|Tipo di tesi
|Tesi di laurea magistrale
|Progettazione e validazione di un microscopio a luce strutturata basato su tecnologia DMD
|Titolo in inglese
|Design and validation of a structured-illumination microscope based on DMD technology
|Dipartimento di Ingegneria
|Corso di studi
|Ingegneria Elettronica (D.M.270/04)
|Data inizio appello
|Accessibile via web (tutti i file della tesi sono accessibili)
La tesi tratta la progettazione, lo sviluppo e la validazione di un microscopio a luce strutturata a basso costo ed elevata flessibilità, basato su un proiettore commerciale in tecnologia DMD.

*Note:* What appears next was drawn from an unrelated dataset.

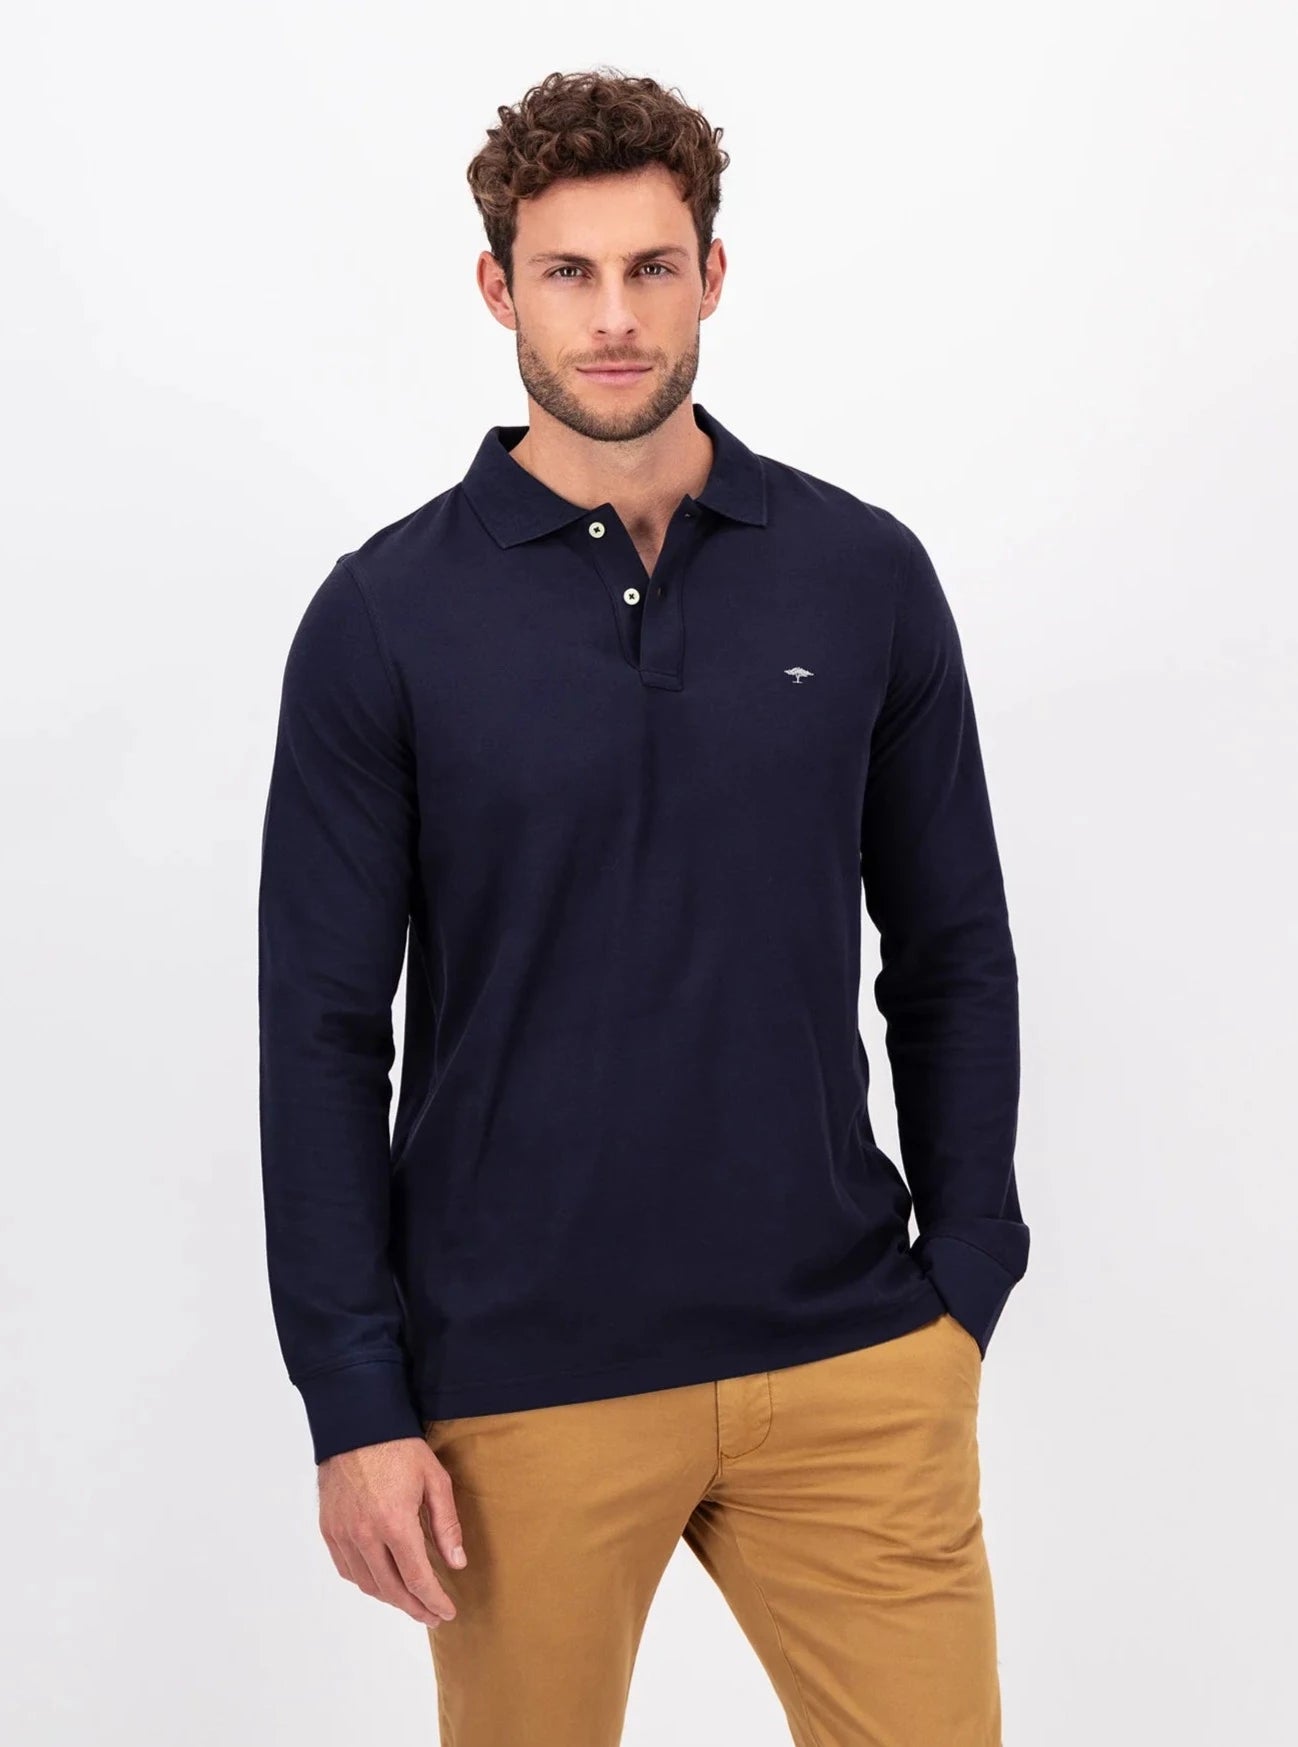 Long – Sleeve FYNCH-HATTON Polo Shirt
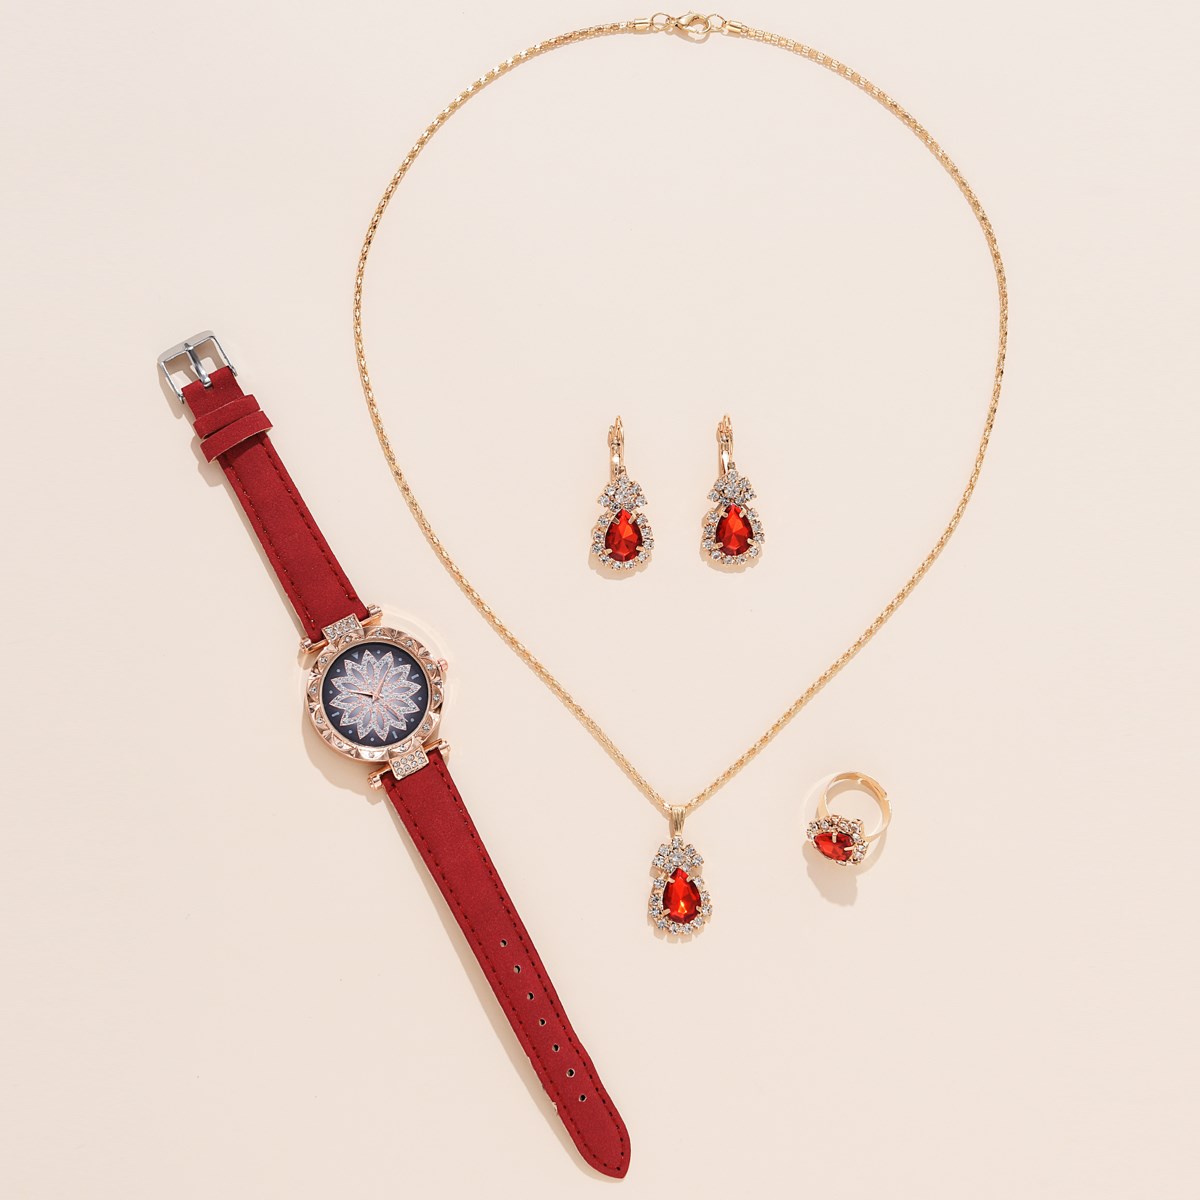 Montre-bracelet-analogique-d-contract-e-pour-femme-bracelet-en-cuir-pour-femme-simple-cadeau-nouveau

The thesis presents the design, development and validation of a low-cost and high-flexibility structured-light microscope, based on a commercial projector equipped with DMD technology. Structured illumination consents the enhancement of the acquired image, both reducing out-of-focus light contributions and raising the optical resolution, allowing to go beyond the physical diffraction limit found in traditional microscopes (super-resolution). Moreover, it permits the optical sectioning and the subsequent 3D reconstruction of the sample. The innovation in the present work is the exploitation of a commercial micro projector to produce the structured-illumination patterns. Such choice permitted to severely reduce both the overall cost and size, while obtaining a highly versatile system that allows the user to easily modify the illumination patterns. Moreover, the projection speed typical of the DMD technology permitted to minimize the image acquisition time, lowering the impact of mechanical vibrations and/or sample movements on the obtained image. The thesis work treated the entire design process, from the opto-mechanical layout to the development of the control and elaboration software, written in Python and provided with a graphical user interface. Realized system has then been tested and validated, both with calibration standards (nanometric fluorescent beads) and with real biological samples, such as red blood cells and osteoblasts. Obtained results confirmed the optical sectioning capability, with subsequent 3D reconstruction of the sample. Moreover, the capability of the system to implement super-resolution algorithms has been verified.